Patients and Methods

Subjects

Our study was approved by the Ethics Committee of the Faculty of Medicine, Ramathibodi Hospital, Mahidol University, Bangkok, Thailand. All patients recruited in the study were Thai by nationality and had ancestors settled in Thailand for at least three generations. In total, 90 patients with knee OA who underwent total knee arthroplasty (TKA) and 103 patients without knee OA were enrolled from Department of Orthopedics, Ramathibodi Hospital. Informed consent was performed after the purpose of the research project and it had been clearly explained to the patients. The diagnosis of knee OA was based on the American College of Rheumatology criteria [21]. Both OA and control groups were interviewed to obtain demographic data and all of established risk factors. Thereafter, standard weight-bearing antero-posterior and lateral view of knee radiographs were taken to confirm the diagnosis of OA by Kellgren and Lawrence scores (KL scores) [22].

Laboratory technique

PCR-RFLP for BsiEI restriction site was used for SNP in GDF-5 identification

Firstly, 5 ml peripheral blood sample was collected from patient using ethylenediamine tetraacetic acid as an anticoagulant and processed for SNP analysis. Genomic DNA was extracted from buffy coat leukocytes using the standard phenol-chloroform method. PCR primers to amplify the promoter area of GDF5 gene were designed by the Primer-3 web-based tool [23]: GATTTTTTCTGAGCACCTGCAGG (forward) and GTGTGTGTTTGTATCCAG (reverse). 50 μl PCR mixture contained 100 ng of genomic DNA, 20 pmol of each primer, 0.2 μ M of each dNTP, 1 unit of Taq DNA polymerase (AmpliTaq®, Applied Biosystem, Foster City, CA), 3.0 mM MgCl2 in 10 × PCR buffer containing 10 mmol of Tri-HCl pH 9.0, 10 mmol KCl and 0.1% Triton X-100 (Invitrogen, Carlsbad, CA). PCR reaction was started with an initial denaturation at 95°C for 5 min, followed by 35 cycles of amplification in a thermocycler (PCR Sprint, Thermofisher, Waltham, MA) with denaturation at 94°C for 1 min, annealing at 58°C for 1 min, extension at 72°C for 1 min, and final extension at 72°C for 10 min. Then, 10 μL of PCR product was incubated at 37°C with 3 units of BsiEI for 4 hours under the manufacturer's recommended conditions (New England Biolabs, Ipswich, MA). The digested product was electrophoresed on 2% agarose gel with ethidium bromide staining before being visualized on a UV transilluminator (Figure 1). The expected fragment length was 104 and 230 bp in CC, 104, 230, and 344 bp in TC, and 344 bp in TT genotypes, respectively.

Figure 1
figure 1

shows the bands of each genotype in the electrophoresis gel: A represents TT, B represents CC and C represents TC.

Full size image

Statistical analyses

Analysis of demographic data was performed by Excel 2007 (Microsoft®Excel®).
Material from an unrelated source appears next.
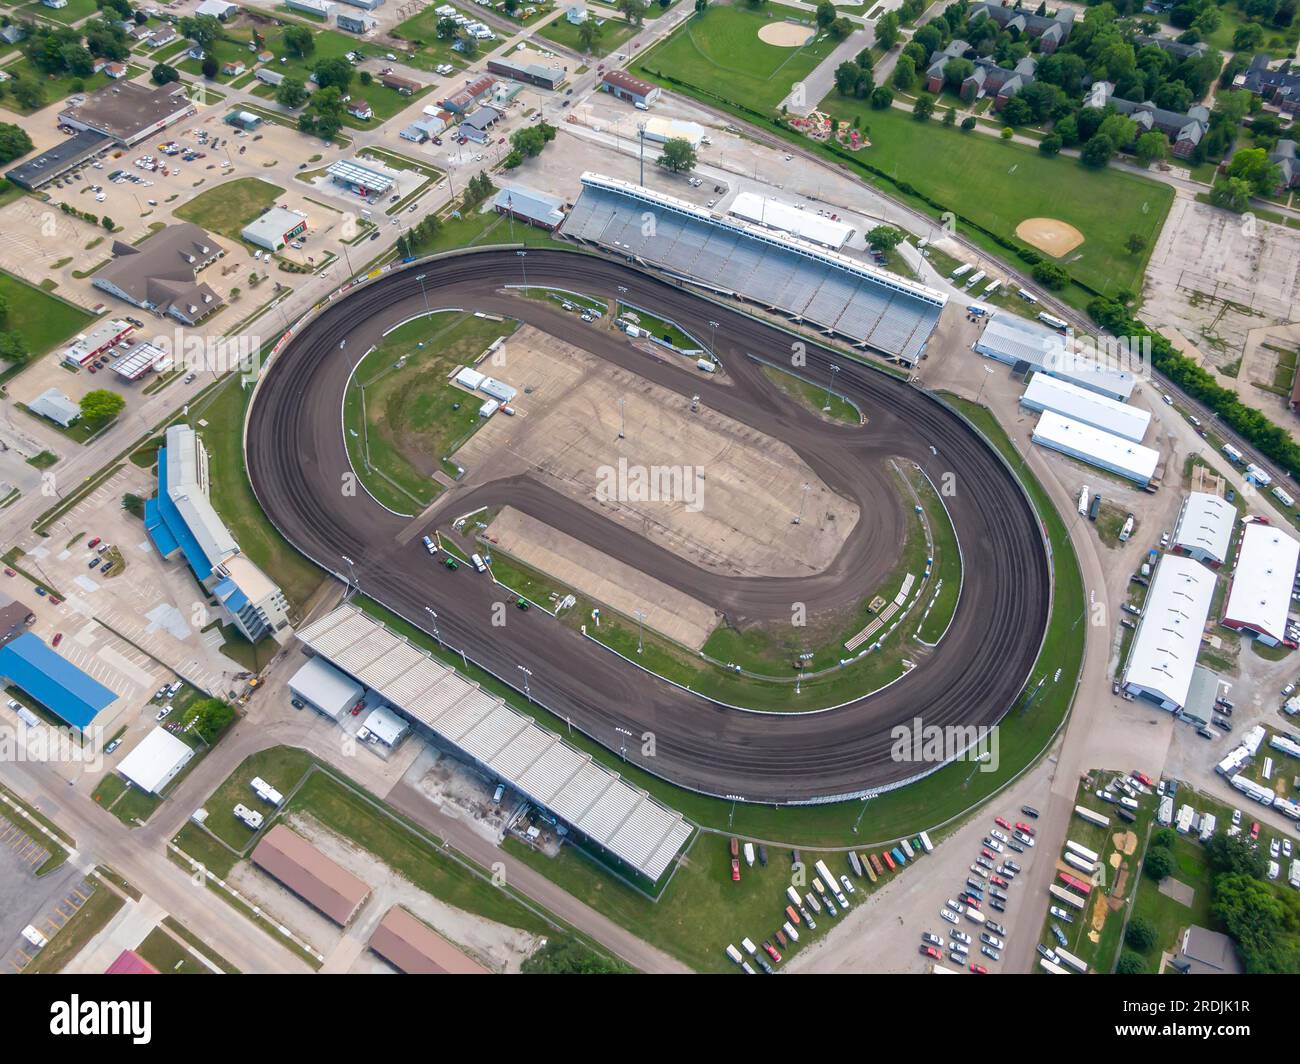 19 luglio 2020, Knoxville, Iowa, Stati Uniti: Il Knoxville Raceway è un circuito ovale semi-banked di 2 km di terra (zook Clay) situato nella contea di Marion Foto Stock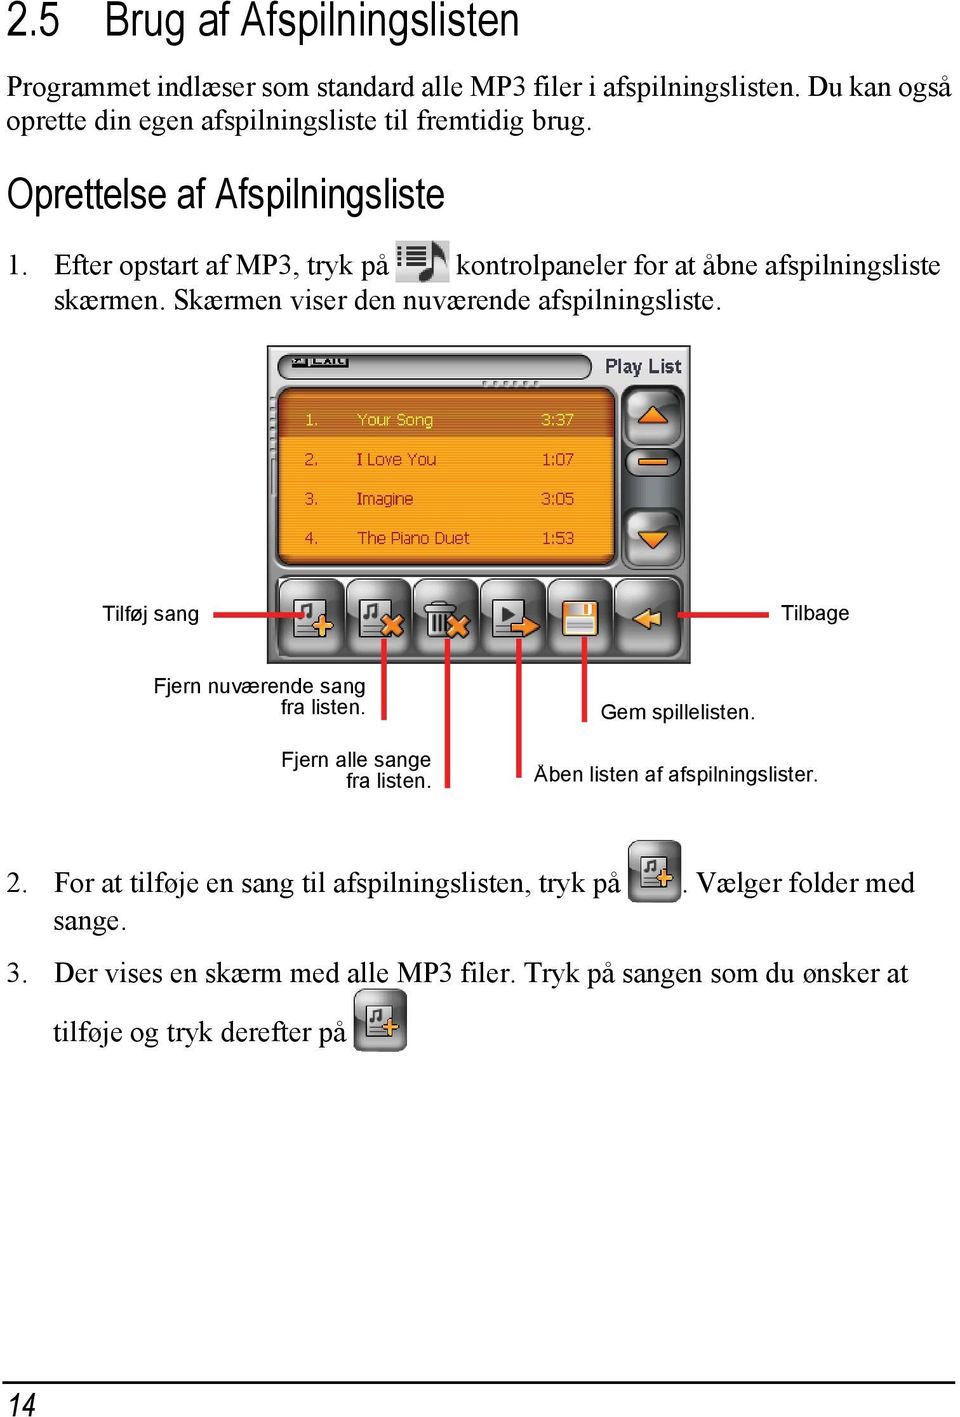 Efter opstart af MP3, tryk på kontrolpaneler for at åbne afspilningsliste skærmen. Skærmen viser den nuværende afspilningsliste.

The unpaired t-test was used for continuous data and Chi-square was used for categorical data. Allele frequencies, Odds ratio and the probability for Hardy-Weinberg Equilibrium were estimated and analyzed as explained by following website; http://ihg.gsf.de/cgi-bin/hw/hwa1.pl.

Results

In our study, the average age of patients in the knee OA group was significant older than in the control. BMI which is one of the risk factor of knee OA was also slightly higher in the OA patient group. However, other possible risk factors which might be related to OA as well as patient life style were comparable between these two groups. The baseline characteristics of the patients are shown in Table 1. The prevalence of allele T and C in our sample was normally distributed according to the Hardy-Weinberg Equilibrium (p-value < 0.05). The comparison of the number and odd ratio of genotype TT, TC, TT+TC with CC of GDF5 polymorphism (rs143383) in the promoter area between case and control is demonstrated in Table 2. When analyzing by allele (shown in table 3), the odds ratio of T allele was 1.53 (95%C.I. = 1.01-2.31), which delineated the increase in risk to develop knee OA. Our result shown that this polymorphism, T/C, is inherited by autosomal recessive manner as the TT genotype increases risk of the disease significantly (OR = 2.41, 95%C.I. = 1.02-5.67), whereas the TC has no significant difference.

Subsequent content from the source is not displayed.